Applications 2018-01-19T23:07:51+00:00

Applications for ICP measurement in neurology and neurosurgery include the management of trauma, stroke, malignancy, hydrocephalus, shunt malfunction, craniofacial abnormalities, pseudotumor cerebri, migraine and other causes of chronic headache, and infection. Indications for non-invasive ICP measurement are the same, although non-invasive measurement should not be used when external CSF drainage might assist in the management of increased ICP.

Another application for ICP measurement is the diagnosis and management of glaucoma. Glaucoma is the second leading cause of blindness globally.*

Raised IOP is a risk factor for developing glaucoma, which is usually defined in terms of high IOP. Nevertheless, there is no definite threshold for intraocular pressure that causes glaucoma. One person may develop nerve damage at a relatively low-pressure, while another person may have high IOP for years and never develop nerve damage.**  Uncontrolled glaucoma progression leads to permanent damage of the optic nerve and visual field loss. These can result in blindness, which is why Glaucoma has been nicknamed “sneak thief of sight.” Damage may only be recognized at later stages of the disease. The same neuropathy can occur, however, even in the absence of elevated IOP. This syndrome has been called Normal Tension Glaucoma (NTG) or Low Tension Glaucoma (LTG).

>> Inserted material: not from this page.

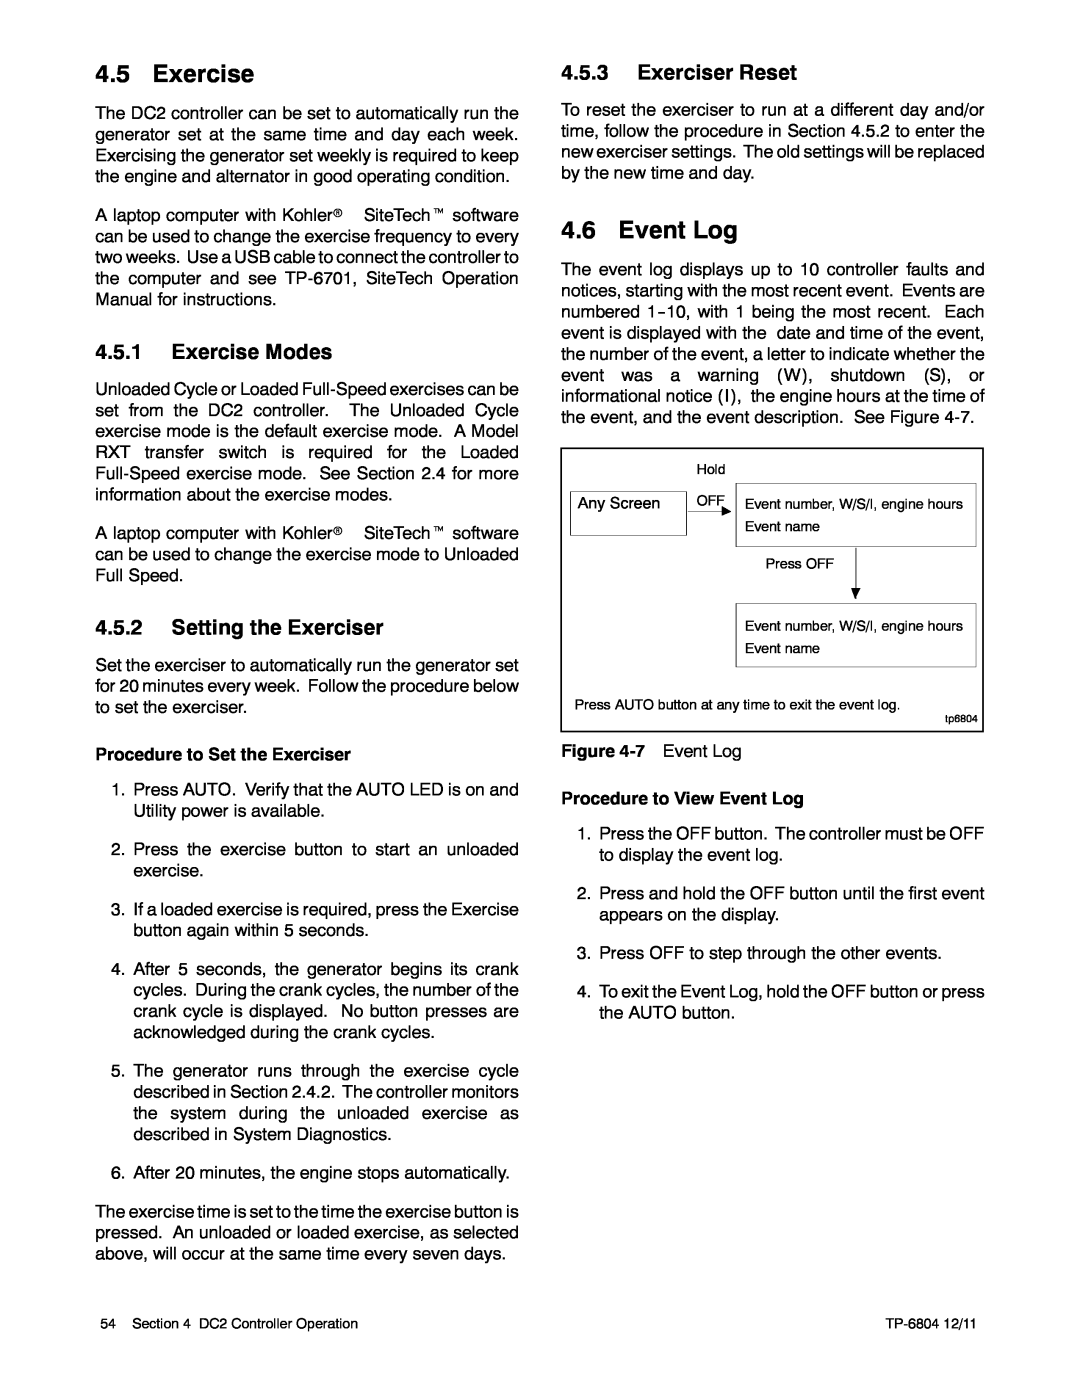 Kohler 14/20RESAL manual Event Log, Exercise Modes, Exerciser Reset, Setting the Exerciser

NTG and LTG have the characteristics and visual-field loss of high tension glaucoma but show consistently normal IOP ( < 22 mm Hg). The number of patients with LTG and NTG may be equal to that of patients with high IOP. It is thought that as many patients may have LTG and NTG as have high tension glaucoma

Studies undertaken using Vittamed’s non-invasive intracranial pressure measurement instrument indicate that the normal gradient between IOP and ICP is reversed in NTG and LTG. Indeed, diagnosis depends on the ability to compare IOP and ICP.***

It is impractical to measure and follow ICP routinely using current, invasive ICP monitoring methods. The development of self-calibrating non-invasive ICP is offers a new and effective approach to the diagnosis and management of patients with LTG and NTG.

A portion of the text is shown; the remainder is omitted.